**TASK DESCRIPTION:** For each line in the data below that holds "with", return a copy.

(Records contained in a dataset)
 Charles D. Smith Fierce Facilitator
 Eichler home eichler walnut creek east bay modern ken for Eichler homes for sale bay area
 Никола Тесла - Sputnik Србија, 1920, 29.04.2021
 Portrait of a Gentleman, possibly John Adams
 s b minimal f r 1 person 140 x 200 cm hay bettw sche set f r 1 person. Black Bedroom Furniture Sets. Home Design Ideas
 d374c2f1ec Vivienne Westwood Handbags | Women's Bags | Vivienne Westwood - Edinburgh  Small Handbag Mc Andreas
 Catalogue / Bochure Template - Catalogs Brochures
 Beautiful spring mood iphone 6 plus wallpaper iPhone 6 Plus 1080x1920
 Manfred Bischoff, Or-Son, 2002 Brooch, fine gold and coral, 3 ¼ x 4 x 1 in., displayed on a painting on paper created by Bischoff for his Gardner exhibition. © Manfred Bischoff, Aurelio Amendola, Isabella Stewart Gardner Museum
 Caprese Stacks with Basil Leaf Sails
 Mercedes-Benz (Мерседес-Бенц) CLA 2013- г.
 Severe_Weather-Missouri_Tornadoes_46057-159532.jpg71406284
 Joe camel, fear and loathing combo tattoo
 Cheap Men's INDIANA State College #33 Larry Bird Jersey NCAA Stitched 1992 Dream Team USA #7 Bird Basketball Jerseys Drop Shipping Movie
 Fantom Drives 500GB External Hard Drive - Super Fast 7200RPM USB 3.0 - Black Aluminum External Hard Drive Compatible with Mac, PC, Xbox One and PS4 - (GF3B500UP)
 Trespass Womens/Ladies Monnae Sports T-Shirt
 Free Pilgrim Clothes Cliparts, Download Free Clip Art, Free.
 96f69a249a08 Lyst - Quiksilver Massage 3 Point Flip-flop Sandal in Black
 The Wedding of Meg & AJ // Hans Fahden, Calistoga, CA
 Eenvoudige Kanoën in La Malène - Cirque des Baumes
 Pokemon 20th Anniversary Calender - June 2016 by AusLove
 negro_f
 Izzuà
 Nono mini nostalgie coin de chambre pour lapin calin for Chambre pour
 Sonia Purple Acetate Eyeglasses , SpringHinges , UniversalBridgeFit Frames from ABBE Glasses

**YOUR RESPONSE:**
 Caprese Stacks with Basil Leaf Sails
 Fantom Drives 500GB External Hard Drive - Super Fast 7200RPM USB 3.0 - Black Aluminum External Hard Drive Compatible with Mac, PC, Xbox One and PS4 - (GF3B500UP)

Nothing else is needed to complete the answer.